++++ Supplied data

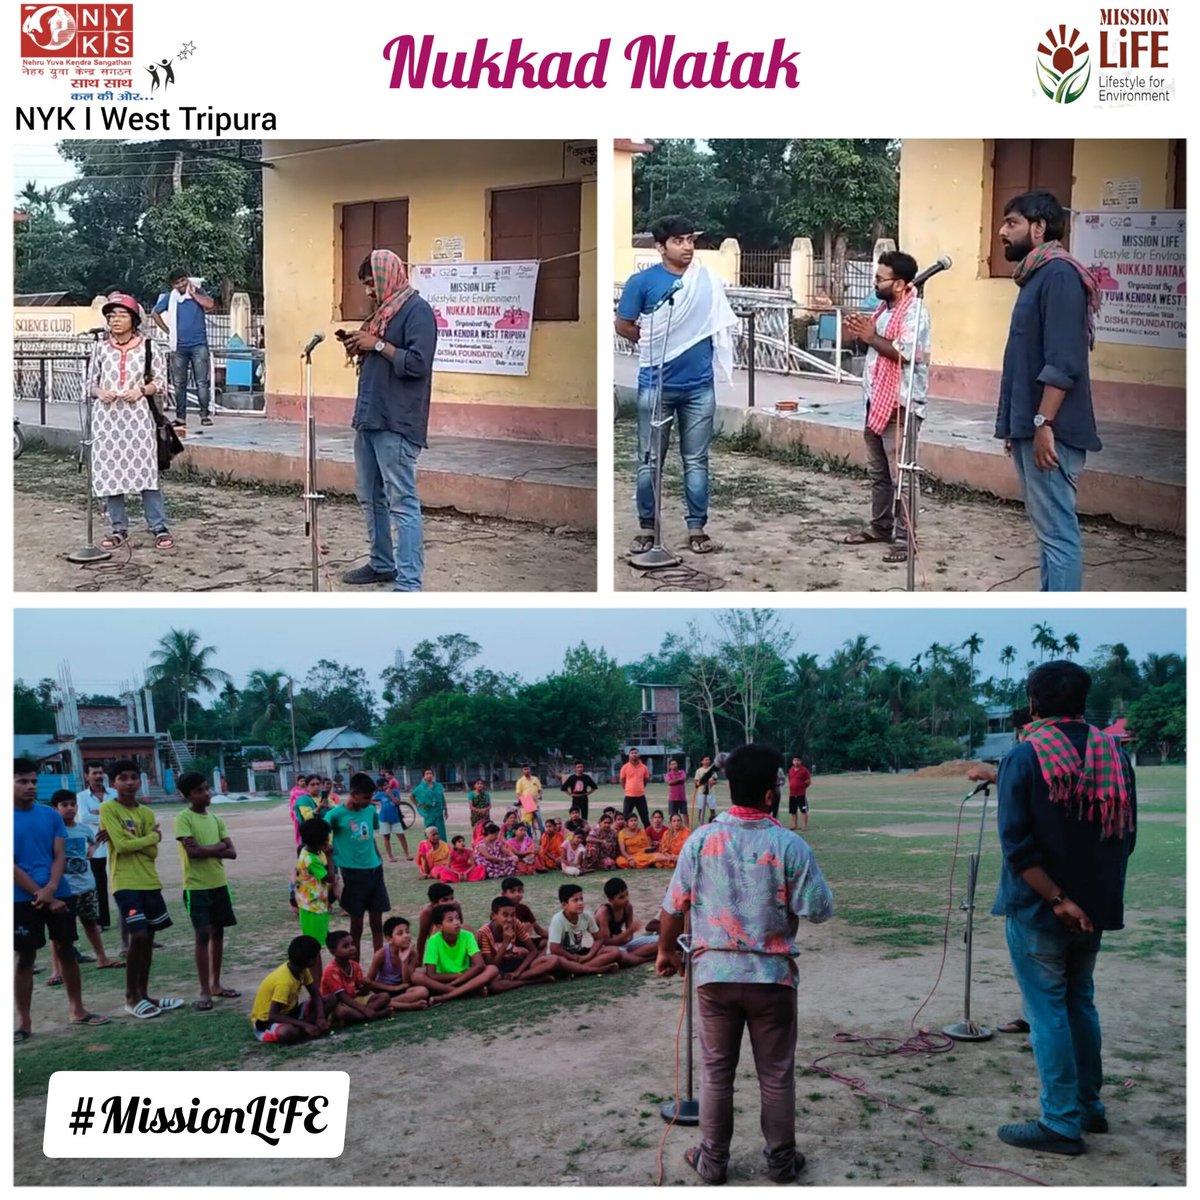 A Nukkad Natak was organized by @NykwestTripura In Collaboration with Disha Foundation alongwith disemination of info about #MissionLiFE organized under #ChooseLiFE #lifestyleforenvironment
@Nyksindia
@ianuragthakur
@tinkuroybjp
@NYKS_Tripura

++++++++

> Assignment:
If a record contains a picture, omit the picture and repeat everything else exactly.

> Final answer:
 A Nukkad Natak was organized by @NykwestTripura In Collaboration with Disha Foundation alongwith disemination of info about #MissionLiFE organized under #ChooseLiFE #lifestyleforenvironment
@Nyksindia
@ianuragthakur
@tinkuroybjp
@NYKS_Tripura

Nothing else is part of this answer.